The Taoiseach should do his job and not worry about Capitol Hill. He should worry about here and what is done here in the name of the Irish people.

The Taoiseach, without interruption.

I am not worried at all but the Deputy knows there is an inextricable link with US policy underpinning and supporting Israeli Government policy.

The Taoiseach cannot change American policy, he can change Irish policy.

We have put it in the programme for Government. A former Minister for Foreign Affairs from Fianna Fáil, the late Deputy Brian Lenihan senior, was the first Minister in Europe to recognise the right of Palestinians to a homeland. We are very committed to this. This is about strategy and how to do it best; that is what this is about. I would like Israeli Government policy to change and for there to be a two-state solution but we will work within a framework that can enable us to do that and we will continue to support Palestinians in their basic entitlements to housing, education and healthcare as we have done consistently over many years, and per capita above many others.

To respond to Deputy Boyd Barrett, many State-owned healthcare centres have had huge challenges with Covid-19, some worse than nursing homes in the private sector. Some of the significant clusters happened in some elderly care settings within the State system.

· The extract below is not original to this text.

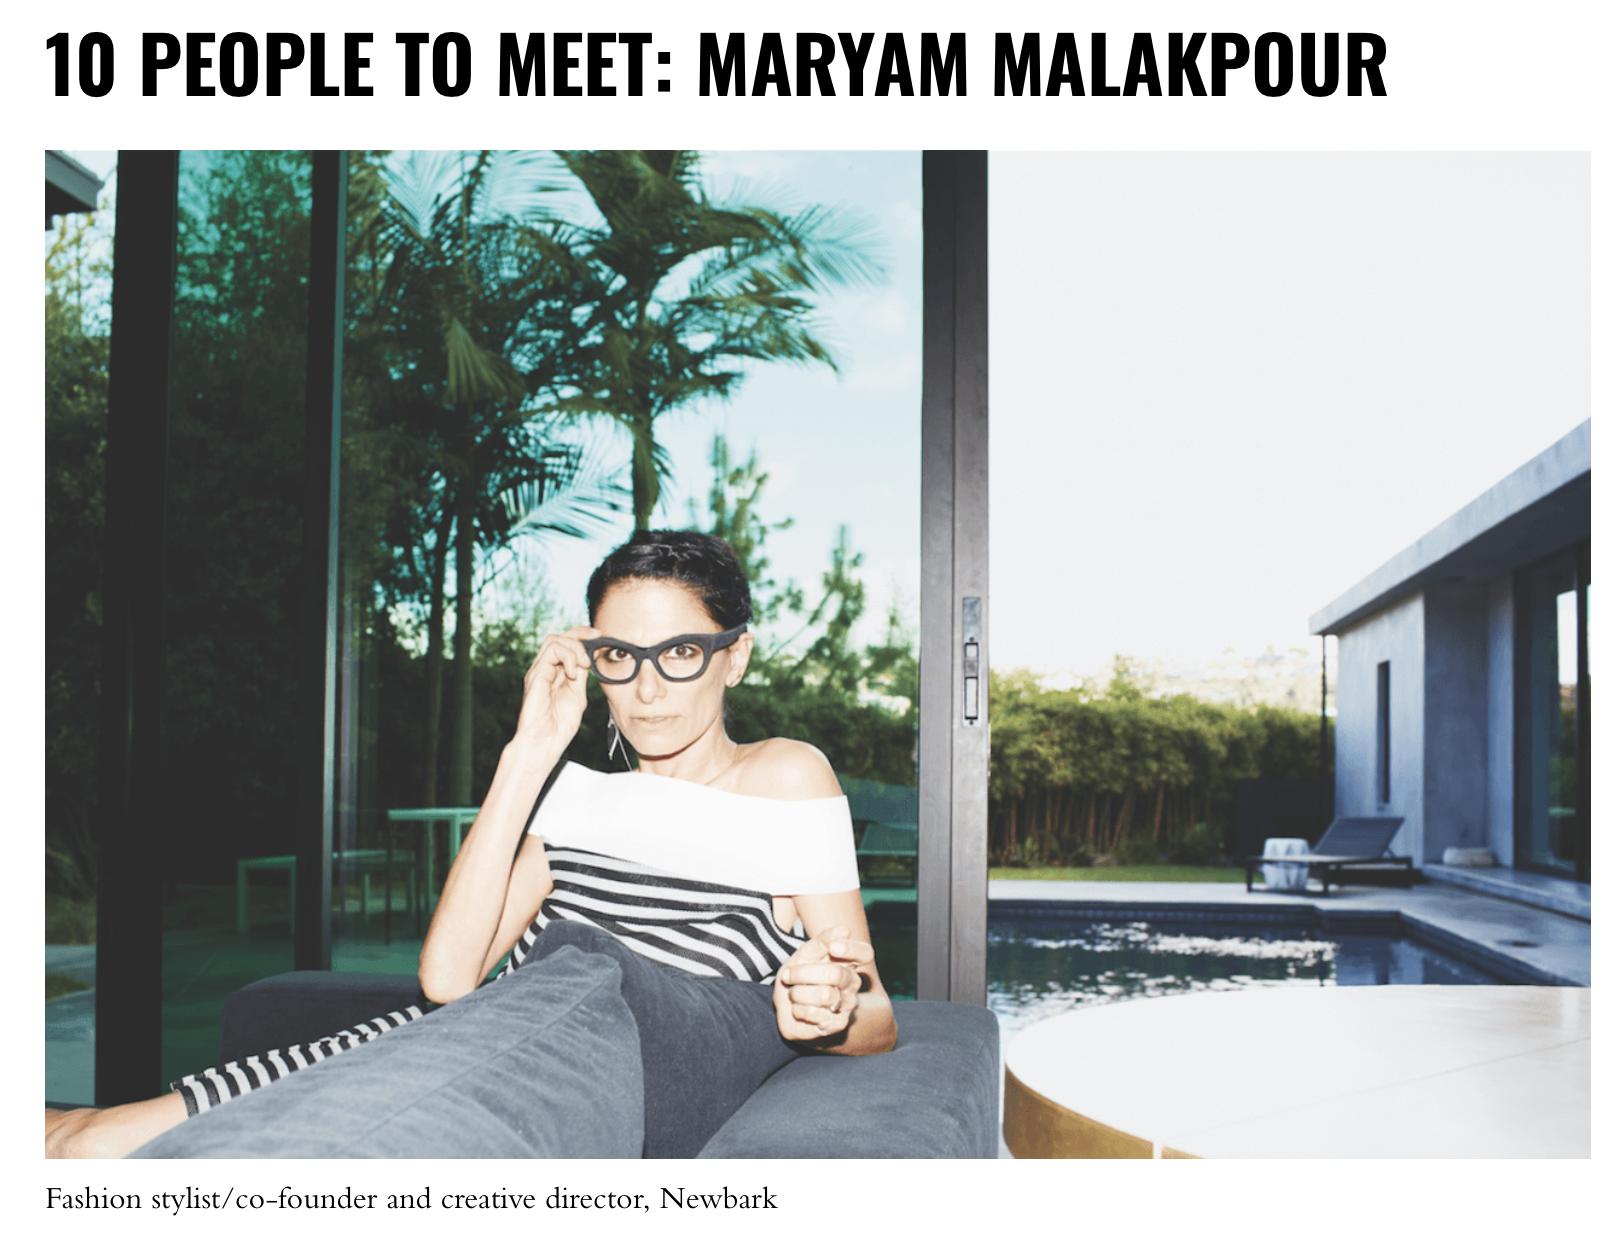 10 Magazine - 10 PEOPLE TO MEETphoto: Maria Ziegelboeckread more

I agree it is wrong to sell and close down those nursing homes but the State does not have the constitutional or legal framework to stop people making decisions of that kind. The Deputy knows that and yet he says we should go in and stop it. It is easier said than done.

They should not control the health service.

We must change the model of caring for our elderly. That is what the programme for Government is committed to in home and community based interventions as well as long-term nursing home care, for which there will always be a need.